Al aire libre, la boloñesa se anima un poco. Le encantan los paseos por la tarde, las caminatas por campos y parques y los juegos de buscar objetos en el patio trasero. Asegúrate de que la boloñesa reciba mucha atención y afecto: puede volverse irritable y aburrida sin ella.



Cosas que debe saber

Los boloñeses pueden vivir hasta 15 años con relativamente pocos problemas de salud genética. Preparar la boloñesa es bastante simple: su larga bata blanca debe cepillarse todos los días y debe ver a un peluquero profesional cada pocos meses.

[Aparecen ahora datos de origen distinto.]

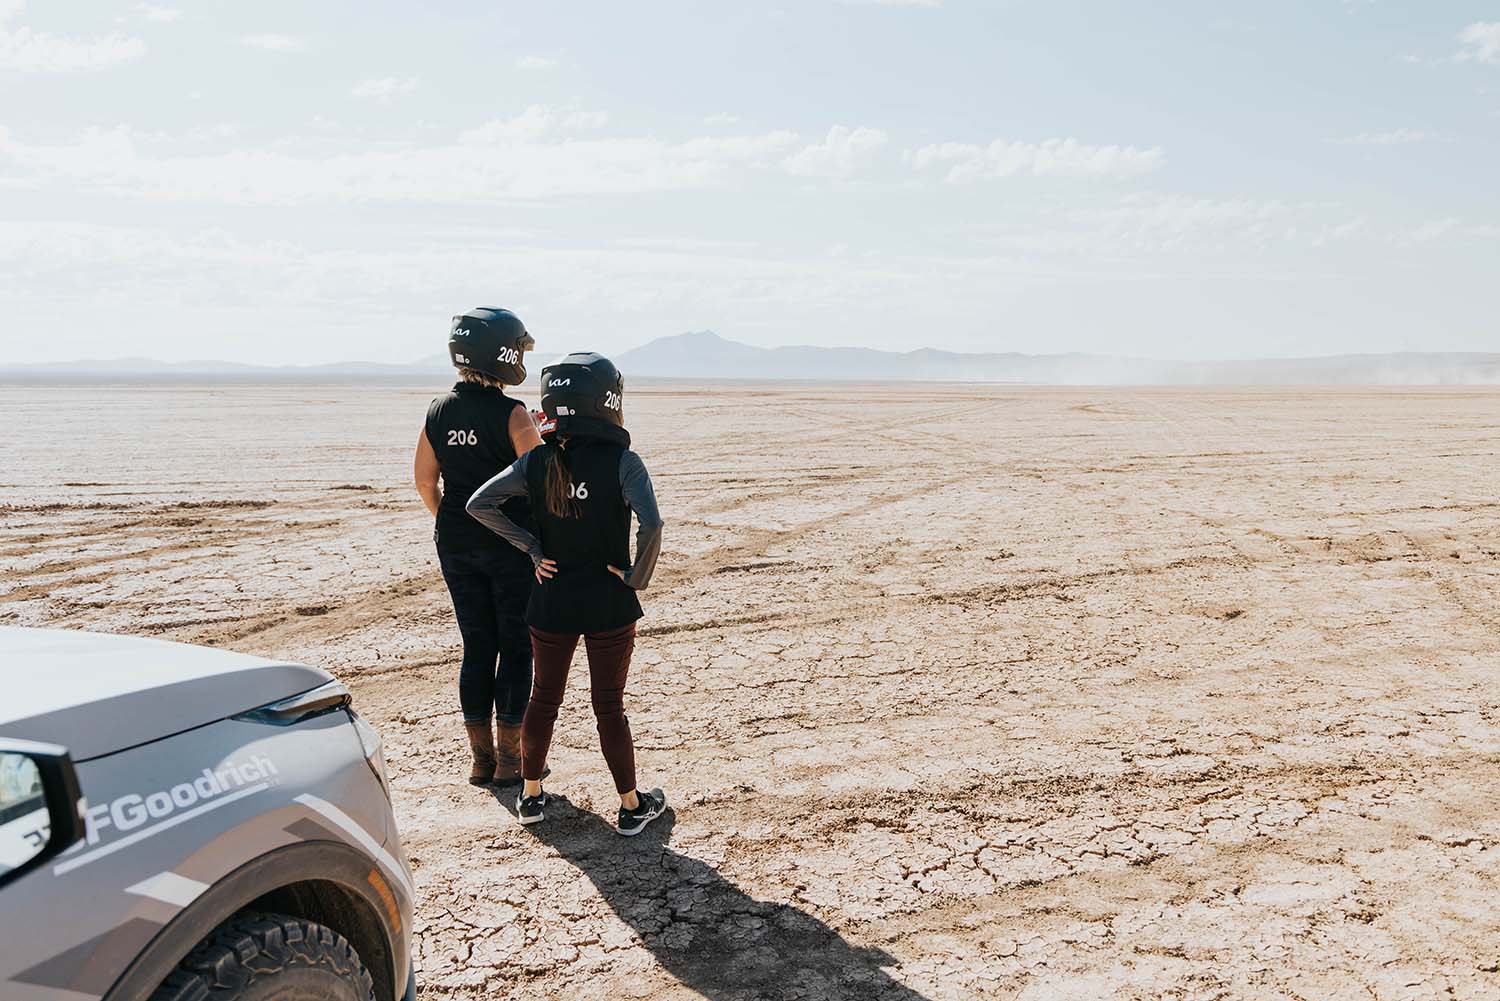 Two Rebelle Rally competitors look out at the desert
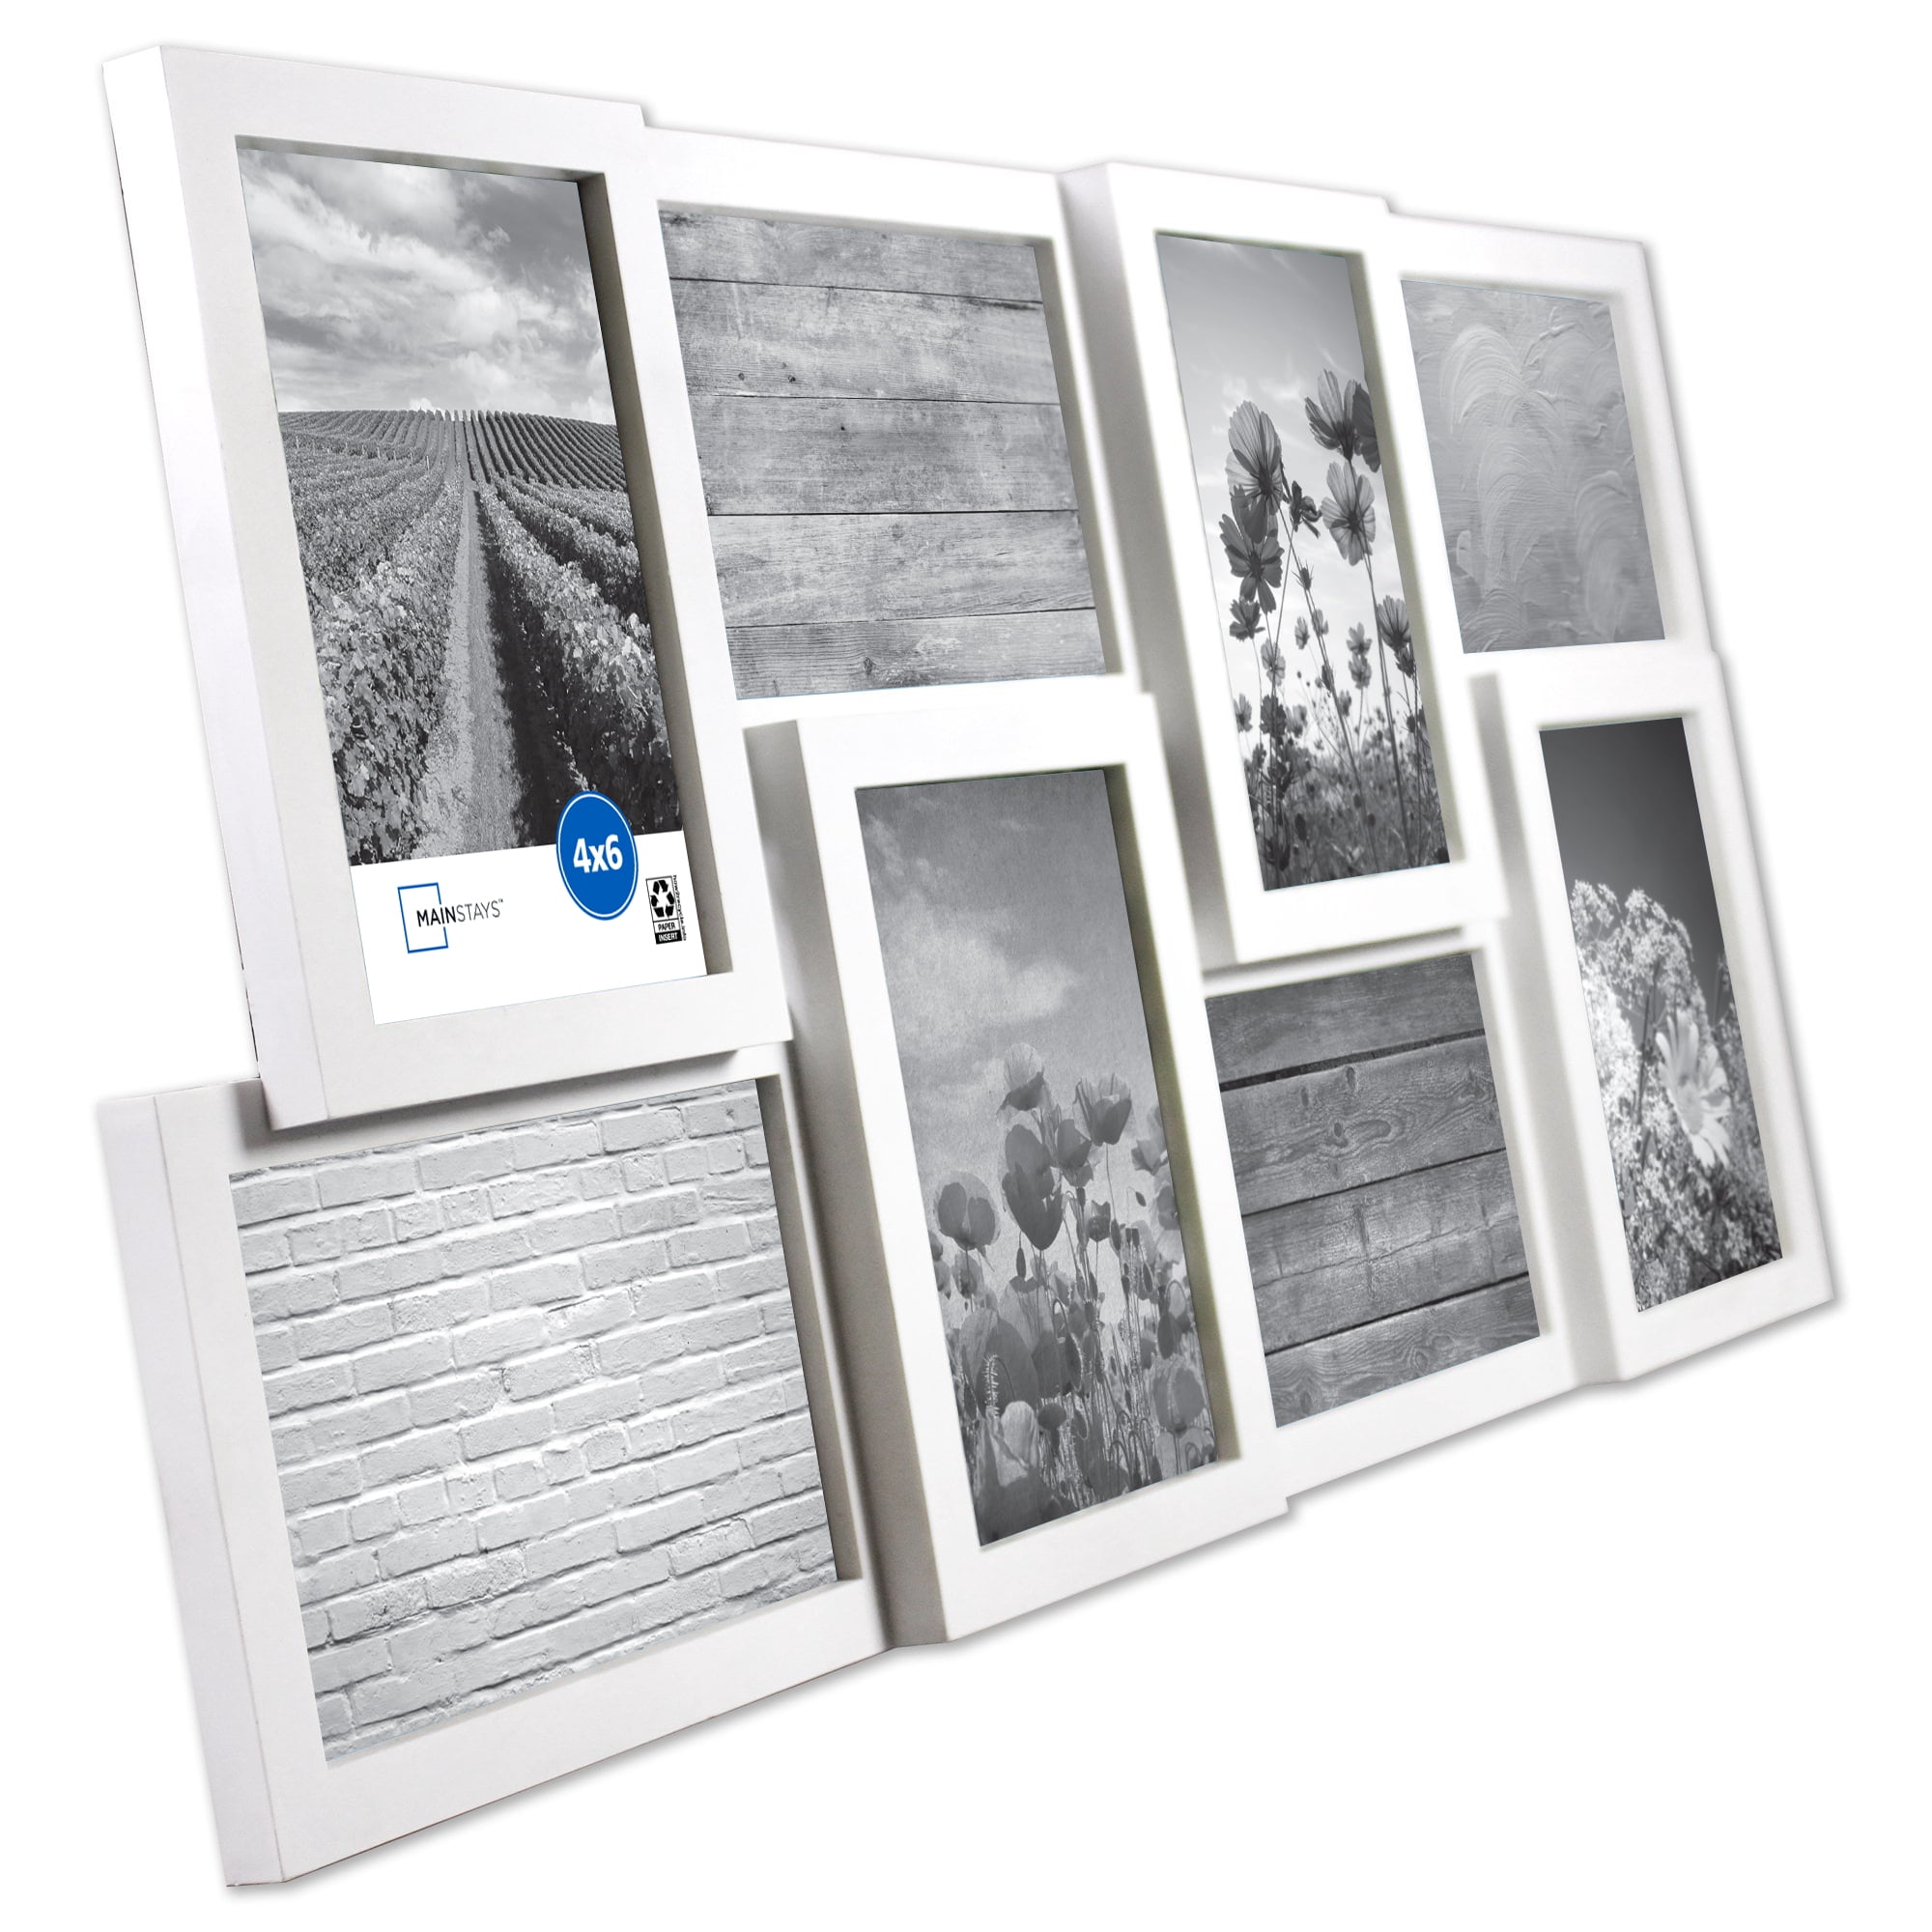 Mainstays 4x6 2-Opening Linear Gallery Wall Picture Frame, White

Si bien el boloñés está perfectamente feliz de holgazanear en la casa, debería tener una caminata diaria para mantenerse saludable y feliz. Además, si puede darles a los boloñeses algo de tiempo para jugar en un campo o parque protegido, eso funcionará igual de bien.



Historia boloñesa

Originario de Bolonia, Italia durante el Renacimiento, el boloñés era una mascota querida entre los ricos. Tanto Cosimo de Medici como el rey Umberto obsequiaron estos mullidos caninos a familiares, amigos y dignatarios. A lo largo de los siglos, su número disminuyó a medida que disminuía el poder de la aristocracia, pero los criadores dedicados finalmente restauraron la población boloñesa.